突如スケルトンウォーリアーの何体かの体が崩れ落ちた。
『何事!?』
『ヘイ!クロウさん!』
『さっきはなった風、あれは斬るための風じゃなくて動かすための風だったんだよ』
『つまり?』
『鎧の中…というか肋骨だな。その中で固定されている魔石を動かしたんだよ』
『え、あの程度で動くの?』
『そう簡単には動かんのやけどね。おそらく鎧の中で風を爆発させたんじゃないかな。それが成功した奴があんな感じで崩れ落ちた』
『つまりあの鎧の中で竜巻みたいな感じのを引き起こして内部でずらして倒したってこと?』
『そう言うことだ』
『シェルフちゃん、器用だねぇ…』
そんな感想を抱いている間にもシェルフとリルがどんどんスケルトンウォーリアー達を倒していく。
「んー…私も少しやってみようかな」
そう言って一つの魔銃を両手で持って深呼吸をする。
『お、みらいちゃんも参戦?』
『何するんだろ』
一つの魔銃に集中する。
通常の魔弾では鎧に防がれる。もっと細く、鋭く…。
「貫く」
引き金を引く。すると、魔銃の銃口から鋭く細い針のような魔弾が放たれ、鎧を貫き、そのまま貫通する。するとその貫通したスケルトンウォーリアーがガシャァンと音を立てて崩れ落ちた。
『おお!倒した!』
『魔弾を細く鋭くすることで貫通させてその魔弾で魔石を撃ちぬいたんだな』
『ほえー、そんなことできるんだ』
『魔石は壊れないからな。だからぶつかるとそのままはじかれて崩れ落ちたんだろう』
「みらいさんナーイス!そのまま後方にいる奴お願いねー」
「任せて!」
後方から襲い掛かってくるスケルトンウォーリアーをみらいが撃ちぬきつつ、リルとシェルフはそのまま戦闘を続けた。
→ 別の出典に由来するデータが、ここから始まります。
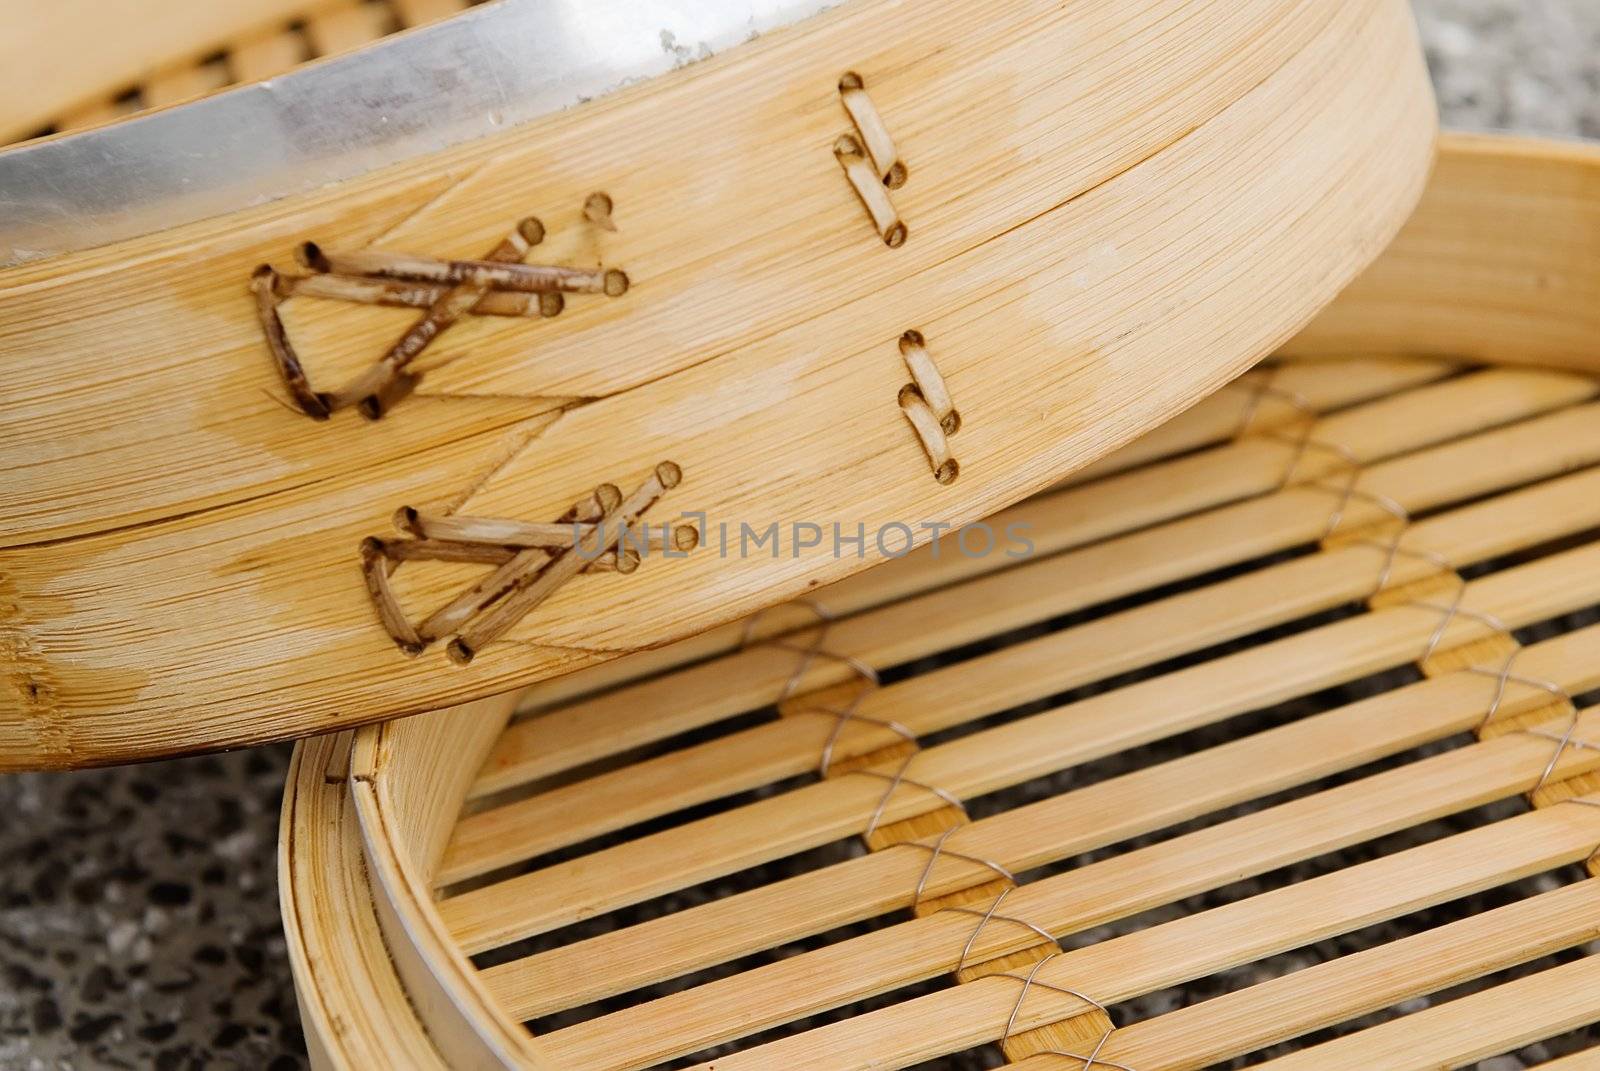 It is a chinese steamer made with bamboo. by elwynn

その後何度かスケルトン系統と接敵し、撃退しつつも問題なく進んでいく。
「にしても、骨ばっかりだねー」
「アンデットってスケルトンしかいないの?」
『このダンジョンは上層はスケルトン、中層からゾンビ、下層にゴーストって感じで三つに分かれているんだ』
「へー、じゃあ今回は上層をメインに回る予定だからスケルトンばっかりになりそうだね」
「だねー」
そんな話をしながら探索していると。
『ごめん!クロウさんいる!?』
焦ったような様子のリスナーがあらわれた。
『お?』
『なんだなんだ?』
『いるけどどうしたー?』
「何かあったの?」
『こういうのここで言うのはルール違反だとわかっているけど助けてほしいんだ!』
「助けるって?」
不穏な様子のコメントにみらい達の表情が険しくなる。